Appellants contend, however, for a contrary construction under authority of Grantham v. Jinnette, 177 N. C., 229. In that case the Court was construing the will of a nuTlius jilius, one of those melancholy characters, in law as in life, who had no heirs, either at his death or at the death of his widow, the first taker under his will. Those claiming the lands at the death of the life tenant were claiming only through those connected to the testator by illegitimacy. The main question was between the widow’s descendants and the escheat right of the University. The widow’s descendants claimed that she was both life tenant and remainderman; that she not only took the life estate, but was the testator’s lawful “heir”; and that the whole fee merged in her. The University contended that the widow could not be life tenant and heir; that the statute makes a widow heir only when the property is not disposed of by will; that this testator did dispose of his property by will, and the widow was not therefore his heir; and that therefore the testator, as to the remainder in fee, was without heirs. The Court held this to be correct, and that the fee escheated to the University. There was no question before the Court as to whether the remainders were vested or contingent.

The argument there advanced that a direction to convert the land into personalty and to divide it after the death of the life tenant indicated an intention to ascertain the testator’s heirs as of the time of the falling in of the life estate, rather than as of testator’s death, was used in connection with the significant fact that at the time of the making of the will there was only one person to whom the testator could have considered as coming within the class of his “heirs,” and at the death of the testator, there was still only one, and that, therefore, his direction to divide the remainder among a plurality of takers showed an intention of the testator that the one person who at his death would presumably constitute the class should not take the remainder (as well as the life estate), but that he presumed that at the end of the life estate he might have a plurality of heirs.

"We have no such case here.

Another significant fact in the Grantham v. Jinnette case, supra, and a fact upon which the Court laid emphasis in its opinion, was that the property directed to be sold and divided was not simply all of the property which had been left to the wife for life, but was “all property, real and personal, left by her under item 3 of the will.”

This decision cannot be. held to sustain the contention of the appellants in the case at bar.

*383Nor do we tbink the fact that the will contains no specific words of gift in remainder, other than the inference from the direction to sell and to divide the proceeds, can be held to delay the vesting of said estates, since the enjoyment of the remainders is postponed only in the interest of the life tenant, and not in view of the character or quality of the remaindermen. Fairly v. Kline, 2 Pennington (N. J.), 754; 4 Am. Dec., 414; In re Thomman's Estate, 161 Pa., 444; 29 Atl., 84. It is clear from the face of the will that the distribution among the testator’s children was postponed in order to make a comfortable provision for the widow, and that, too, “in lieu of her dower and thirds,” and not on account of anything affecting the children (their arriving at a certain age, marrying, etc.) so as to cause him to attach any condition to the legacies.

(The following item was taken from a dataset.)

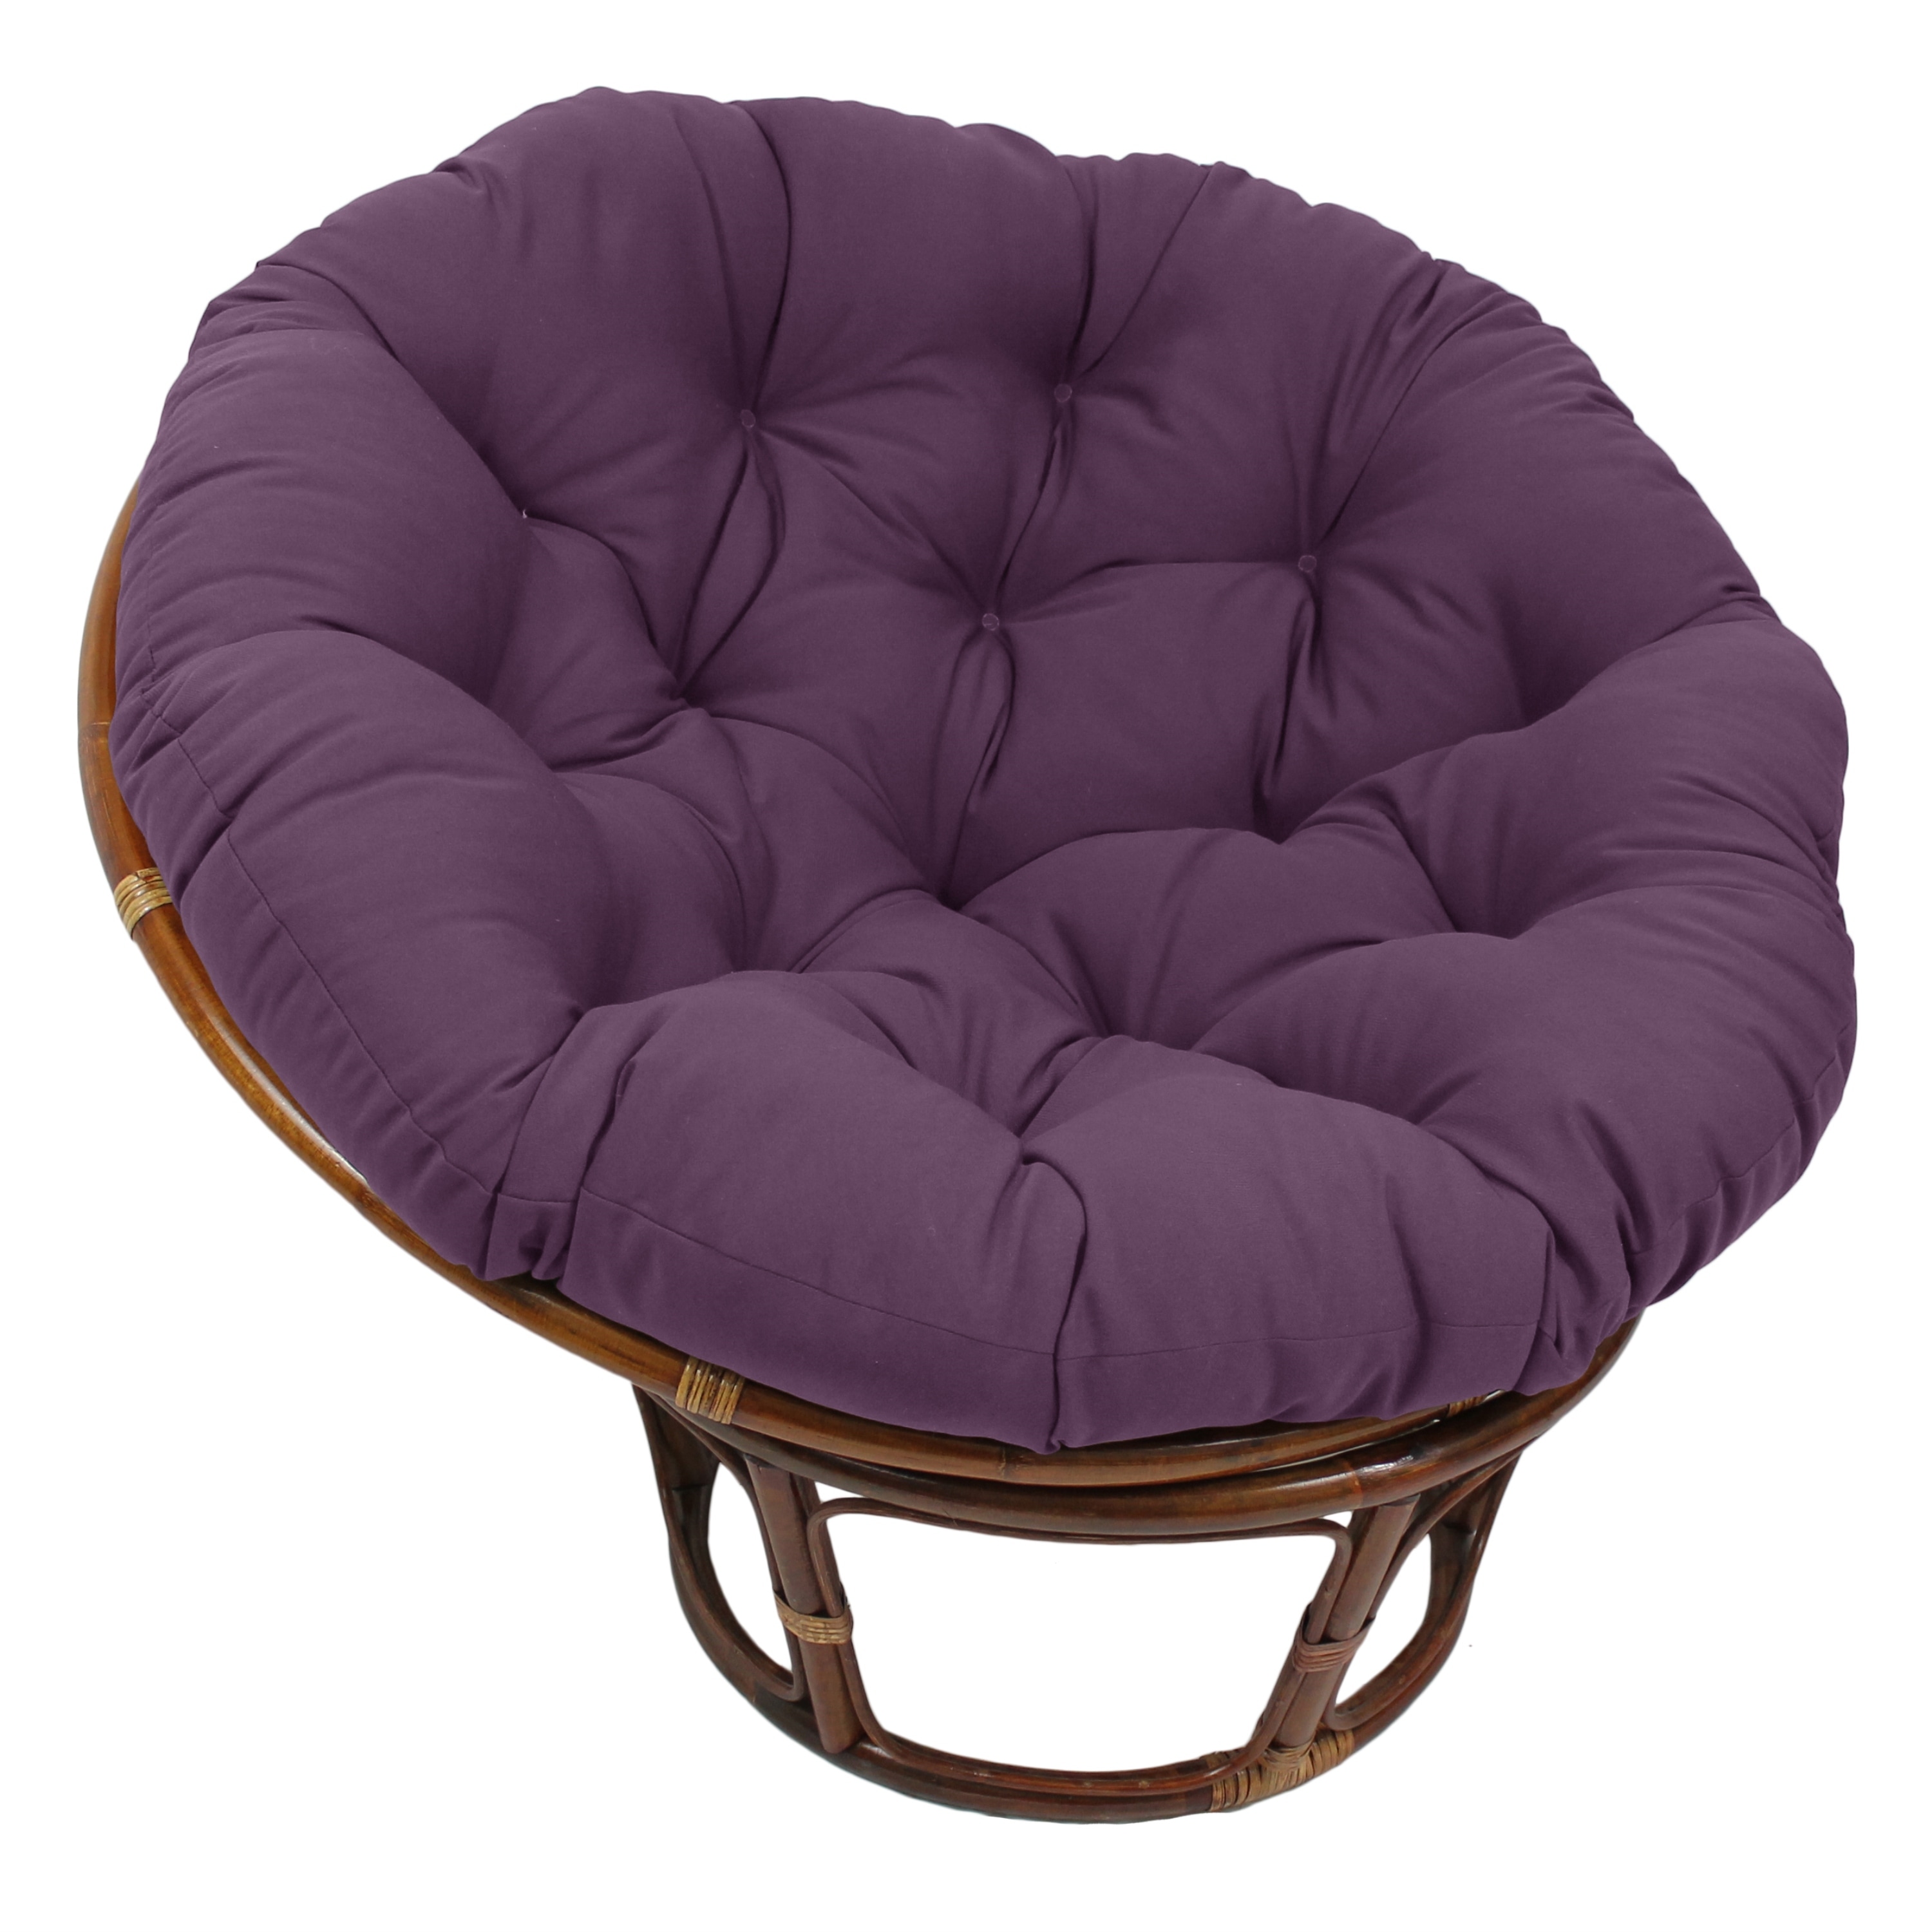 https://ak1.ostkcdn.com/images/products/is/images/direct/e56a02d112c92a1eaa2c588d40fa3bedac5a8fd3/48-inch-Solid-Twill-Papasan-Cushion-%28Cushion-Only%29.jpg

In Underhill on Wills, sec. 866, this position is treated as follows:

“A legacy will the more readily be construed as vested in every case where there is no other gift than a direction to pay or to distribute money, if it is apparent that the payment or the distribution was postponed, not in order that the legatee should personally perform some act or acquire some personal qualification as a condition precedent to payment, but where the postponement is clearly intended for the benefit of some one who takes a prior interest, or, in the language of the eases, where the postponement is ‘for the convenience of the estate.’ ”

After a careful investigation of the record and the authorities on the subject, we are of the opinion that his Honor’s judgment was correct, and that it must be upheld.

We deem it proper to say that, in considering this appeal, we have found the excellent briefs filed by counsel on both sides of material aid and assistance.